132 Decimal Digits

Parse 24146959931746498315183988117419243749994763...

24146959931746498315183988117419243749994763...

29922333926938469128211229748433576833895712...

41919171898783211437338163728611572291973121

Parse 132 decimal digits here.

Prime numbers are greater than 1 with only two factors, 1 their respective selves.

You are given a 132-place row of decimal digits formed by concatenating some 24-36 prime numbers each ranging in magnitude from 101 to 999983.

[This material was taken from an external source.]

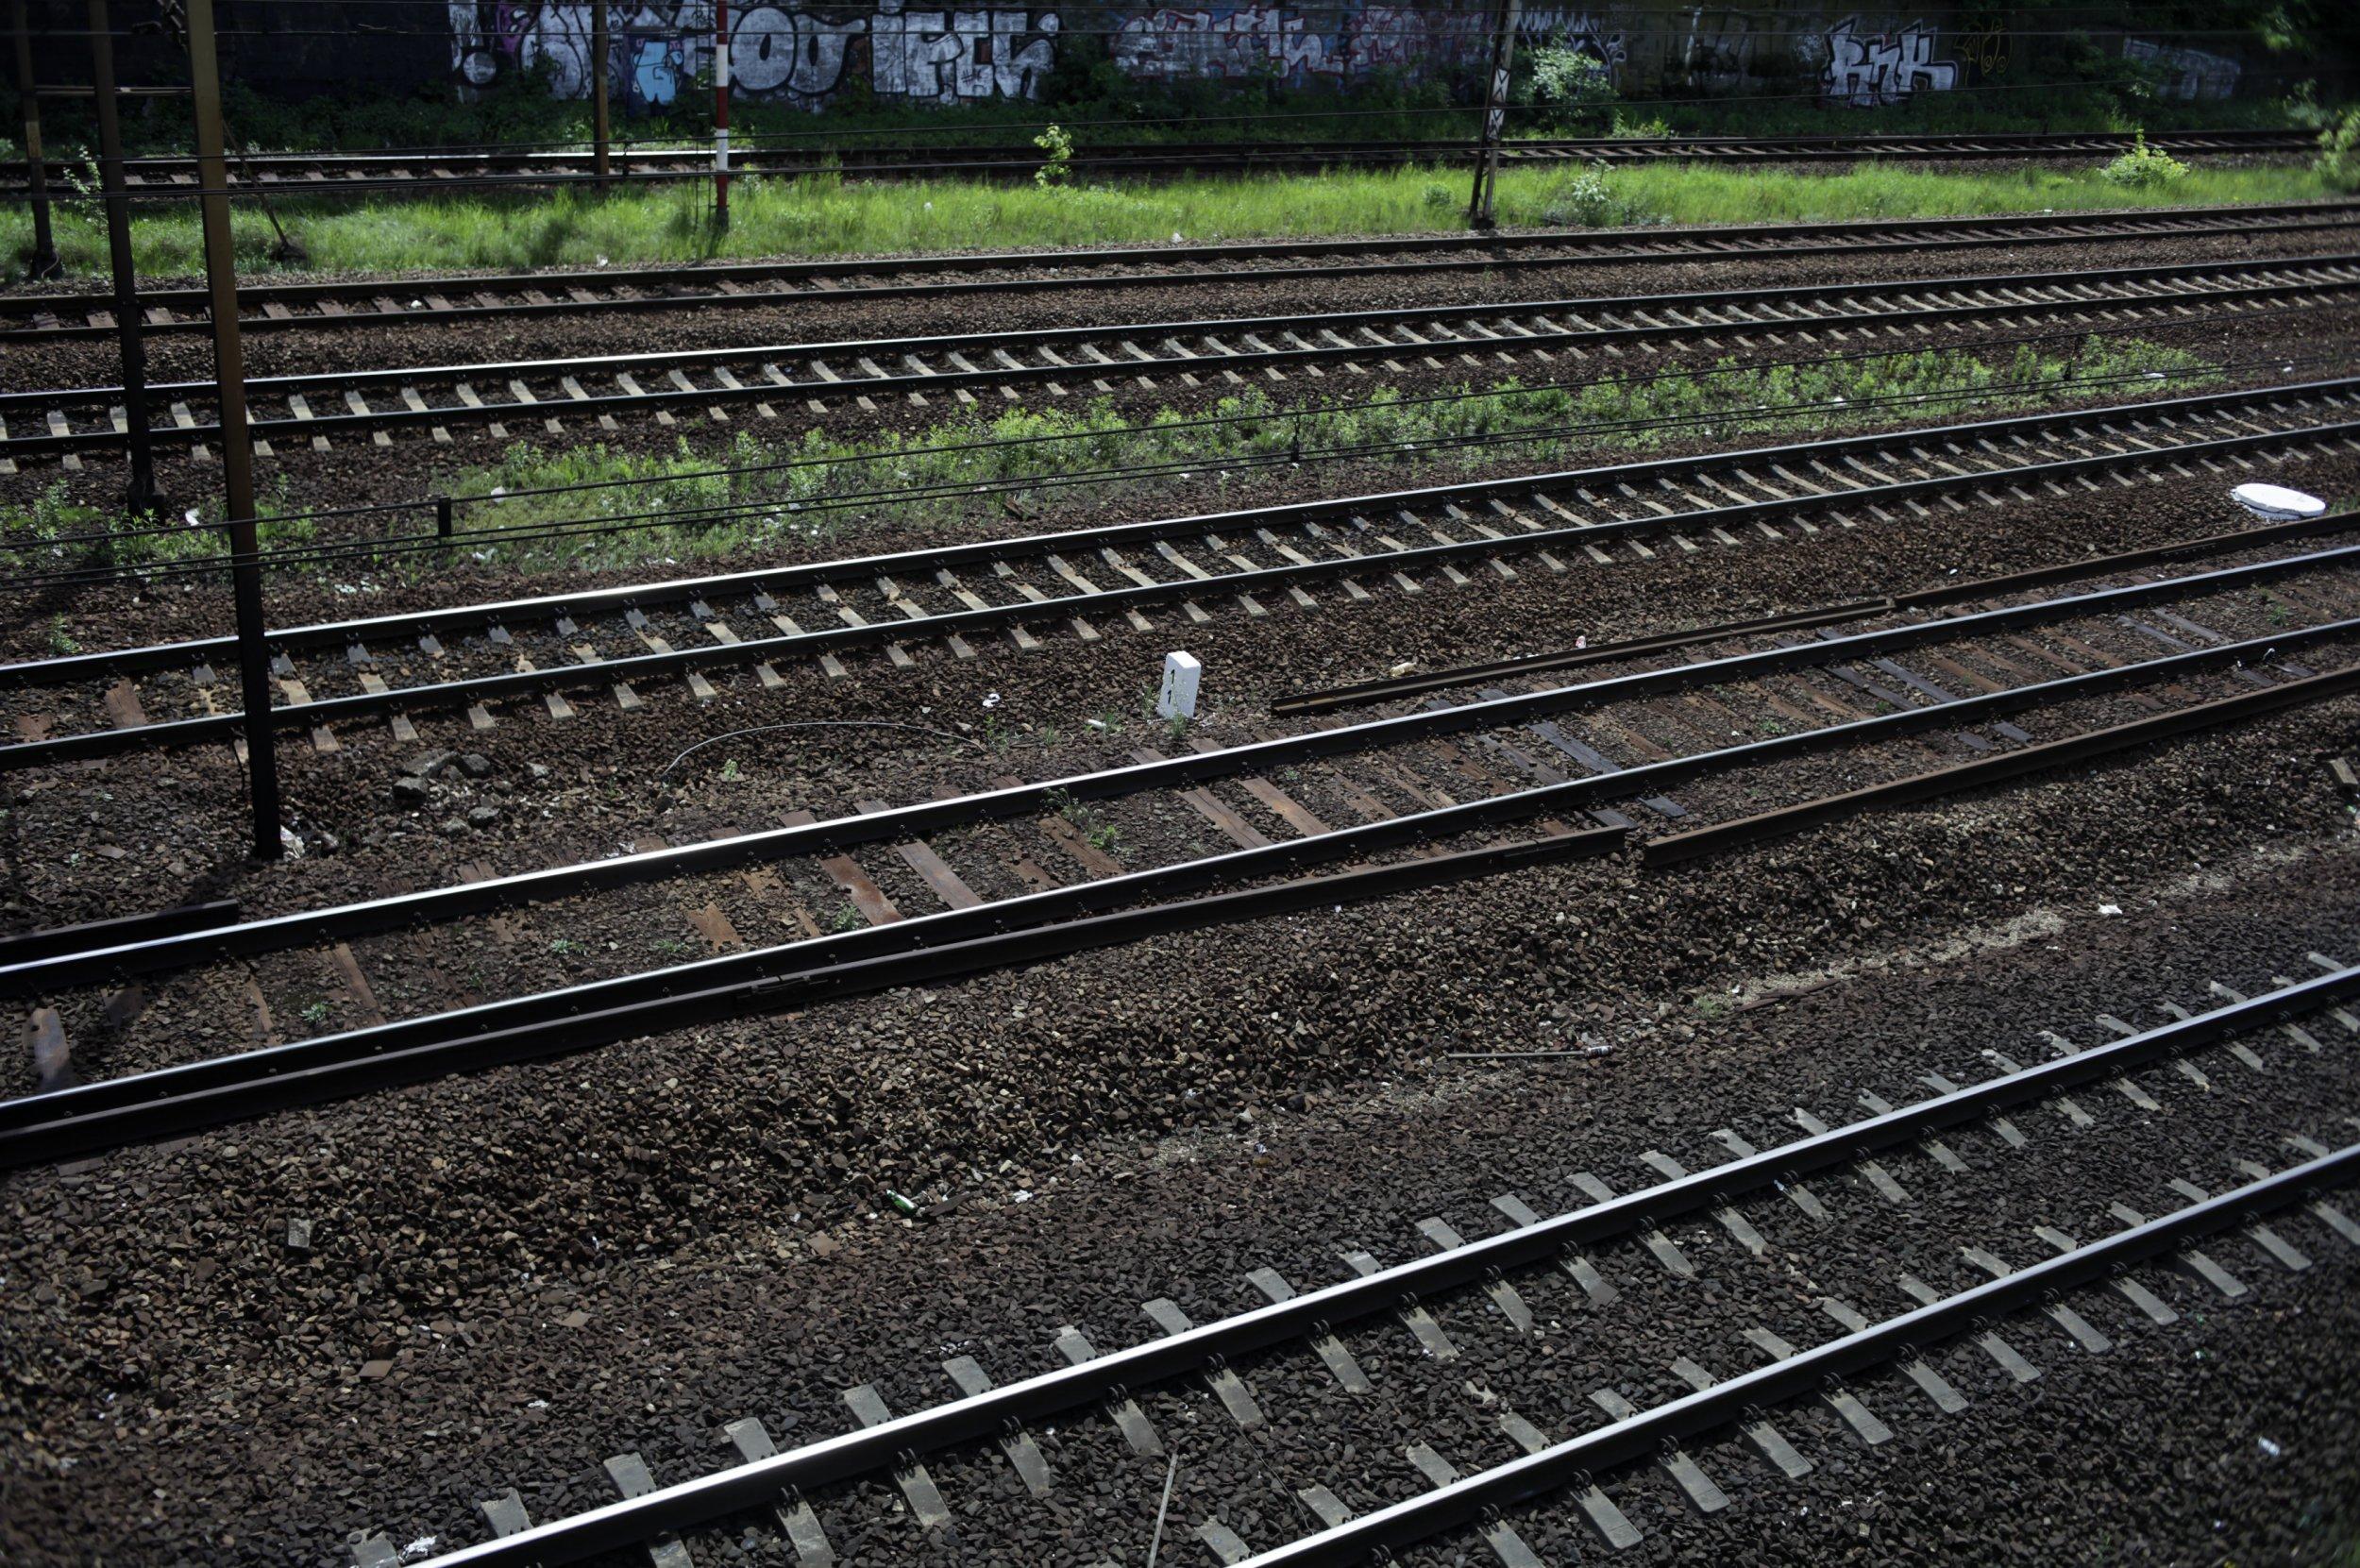 08_27_PolandTrain_02

You are asked is to separate the given into its consecutive 3-place, 4-place, 5-place, or 6-place, prime-number components leaving no non-prime numbers in between.

Here is an example:

21152259574687254899263358157527959348745751...

68292812439916827174191259592139276796134847...

51497352457363329377818952125499377274315521

Its twenty-eight consecutive prime-number components are:

211

52259

574687

254899

263

358157

5279

593

487457

516829

281243

991

6827

17419

1259

592139

2767

9613

484751

4973

52457

363329

37781

89521

254993

7727

431

5521

Here is a hint.

Prune the ends in turn until there are none of the original decimal digits remaining.

With respect to the row shown above, 211 is definitely the first component to lop off.

The three alternatives on the left are not prime numbers: 2115, 21152, and 211522.

That was easy.

Okay, so far.

Here is an example of the intrinsic rub.

On the opposite end of the row, 521, 5521, and 315521 are viable candidates inasmuch as all three qualify as prime numbers.

But not 15521, which is profusely factorable: 11, 17, 83, 187, 913, and 1411.

The challenge is to repeatedly work your way out of such predicaments.